I could eat Chocolate Pudding Cake all day long. Now, I finally understand why they call it “Death by Chocolate.” I could eat this stuff til I burst and collapse, but what a glorious way to go.
I love chocolate. Really, who doesn’t? Well, I know a guy, but he’s a bit strange. So, you’d never guess that I always skip over the chocolate cake on the restaurant dessert menu. It’s never really chocolaty enough and, so, I like to make my own at home, because, that way, I control the amount of chocolate that goes into it (which is never enough).
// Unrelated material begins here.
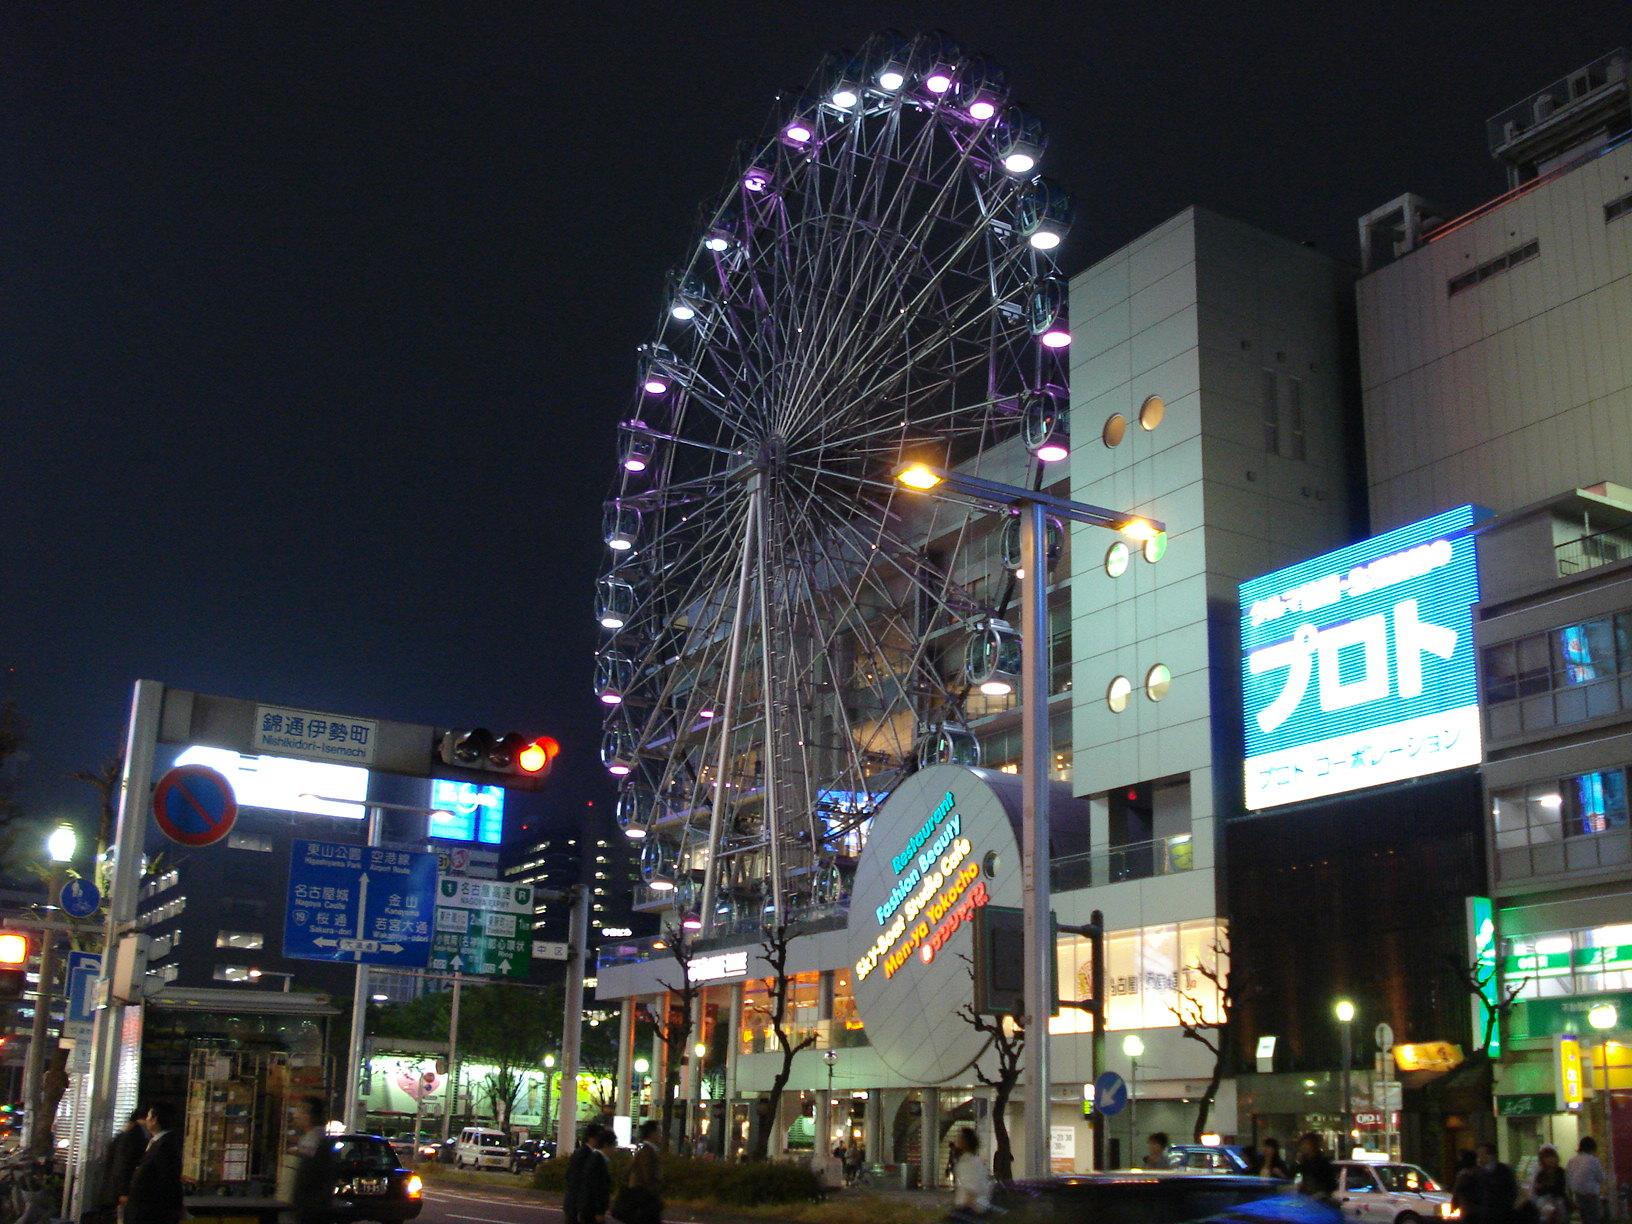 名古屋・錦でグルメ三昧!三丁目でおすすめは接待にも使える居酒屋など!

This recipe for Chocolate Pudding Cake neither requires eggs nor instant pudding. In England, pudding means something quite different than to us here in The States. To the Brits, pudding usually refers to some kind of gooey confection oozing sweetness and, so, It is named so due to the luscious pool of chocolate sauce that magically forms beneath the fluffy butter cake. This is called self-saucing, if you want to get technical.
Chocolate Pudding Cake
Prep: 5 mins
Bake: 30 mins
1/2 stick butter, melted
1/4 cup good chocolate
1/4 cup sugar
2/3 cup milk
1 tsp vanilla
1 cup flour
1/2 cup unsweetened cocoa powder
1 1/2 tsp baking powder
pinch of salt
2/3 cup packed brown sugar
1/4 cup miniature semisweet chocolate chips
1/4 cup cocoa powder
1 1/4 cups hot water
Put the kettle on and heat some water.
Preheat oven to 350*F.
Melt butter and chocolate.
Add sugar, milk and vanilla. Stir to combine.
Sift flour, cocoa powder and baking powder over the bowl and mix by hand just until incorporated.
In another bowl, mix brown sugar, chocolate chips and cocoa powder.
Sprinkle evenly over the cake batter.
Pour hot water over top.
Transfer to the hot oven and bake 30-35 mins
Serve warm with ice cream and fresh berries. An espresso martini would be a nice touch, too.
Can’t Get Enough
Chocolate cake is something I never stop baking at home. I guess I’m still on the quest for the perfect one, with a good punch of chocolate flavor. There are several I have made at home that are quite good. The warm chocolate cake is one I’ve been making for years and does well microwaved for those desperate times when the craving strikes without warning. Then there’s the divine double-chocolate espresso number that I made twice for Daisy’s birthday, one tiered cake on her actual birthday and a bunch of sweet little cupcakes at her party. I’m already eyeing Ludo Lefebvre’s recipe, although I’m not too sure about the olive oil drizzle at the end. He’s a famous guy, so I guess I should trust him. But, right now, all I want is another Chocolate Pudding Cake for a bedtime snack, a tall glass of ice milk, then off to bed!